BlogUnsure of Your Source: We've Got You Covered
The System Is Down? An Example of How to Handle Failure
Our online project management service (Basecamp) had a hosting issue recently and went down for about two hours. This is how they handled it.
37signals System Status
Basecamp, Backpack, Highrise, Campfire, Writeboard, Ta-da List, and our blogs are all offline.
UPDATE: The load balancer has been swapped and is currently being configured. We should be in the home stretch now. Again, we're incredibly sorry for this disruption. This is not how Fridays are supposed to be.
— 11:18am CST (17:18 GMT) on January 18, 2008
UPDATE: The technicians at our service provider are still working on installing the new load balancer. We're breathing down their neck as heavily as we can. And we profusely apologize for this unacceptable interruption of service.
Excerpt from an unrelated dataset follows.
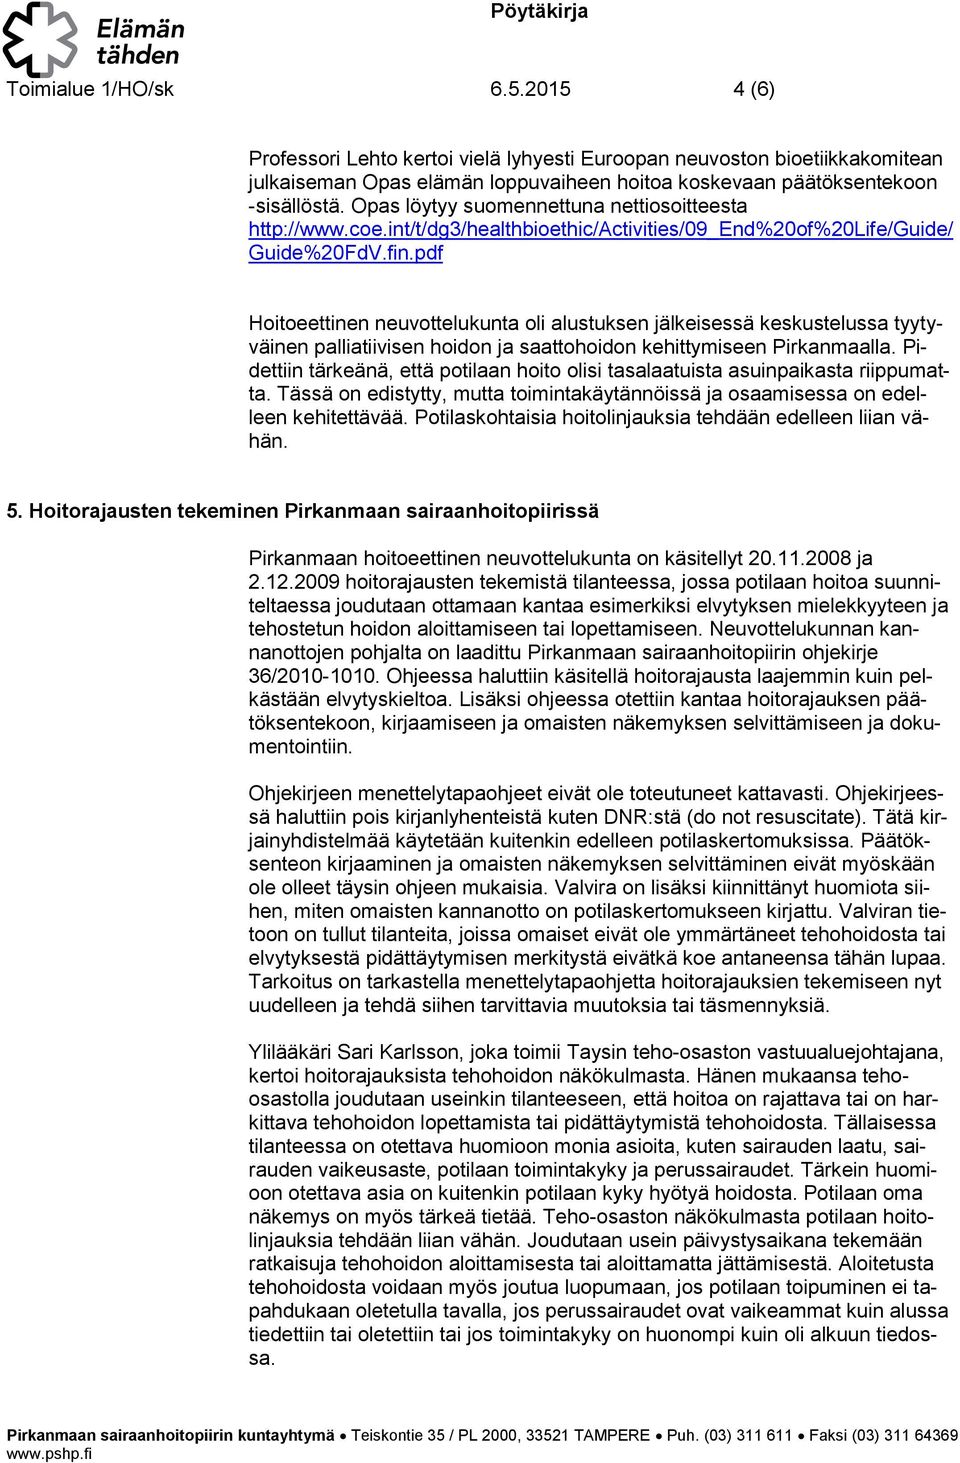 pdf Hiteettinen neuvttelukunta li alustuksen jälkeisessä keskustelussa tyytyväinen palliatiivisen hidn ja saatthidn kehittymiseen Pirkanmaalla.

— 10:56am CST (16:56 GMT) on January 18, 2008
UPDATE: We have located the problem to be with the load balancer setup. A new unit is being installed. We should be back shortly. Again, we're terribly sorry for this disruption of service.
— 10:28am CST (16:28 GMT) on January 18, 2008
All systems are currently offline as we're experiencing network outage from our provider. We're working on it right now. No data has been lost, all our machines are still working, but they're not accessible from the internet. Sorry for the inconvenience.
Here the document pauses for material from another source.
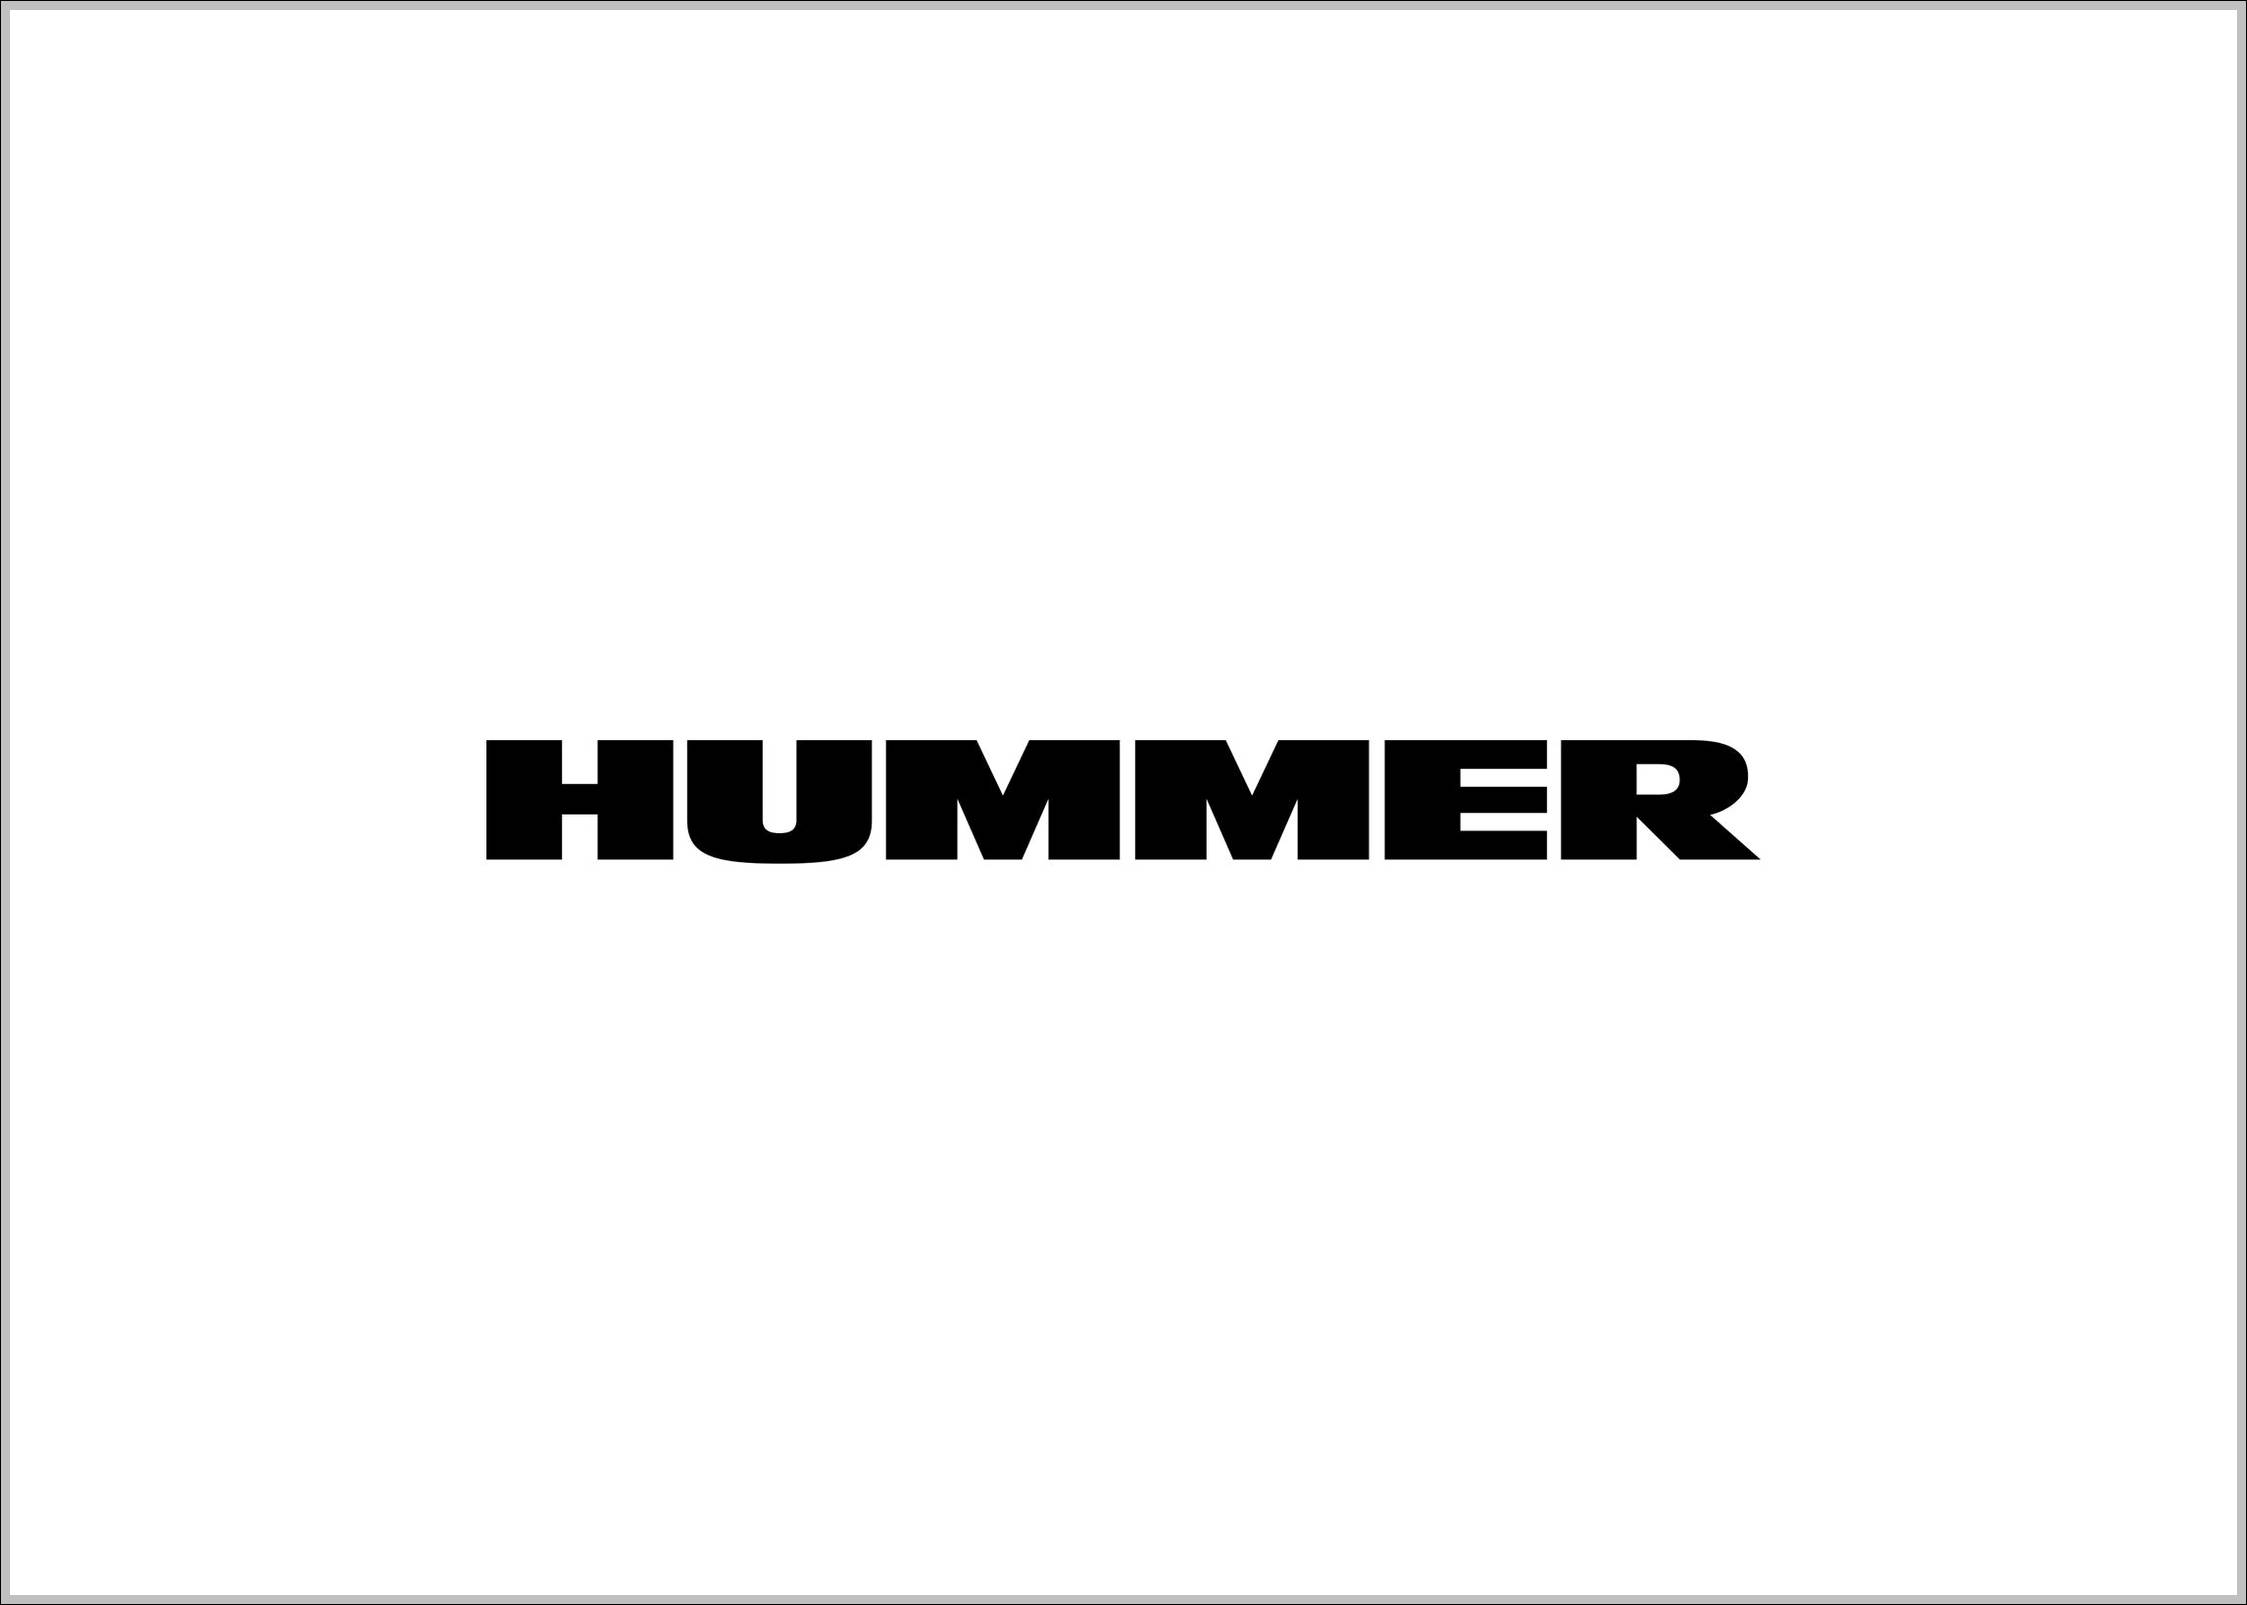 Hummer sign

— 10:03am CST (16:03 GMT) on January 18, 2008
There are great lessons in this -- the first is humor and reality. I realize these are people and they care about this issue and they're trying to fix it.
The second is information -- by letting us know what's going on, we're able to calm down about the inconvenience.
The third is humility -- they don't try to blame, they recognize they failed and they're sorry for it.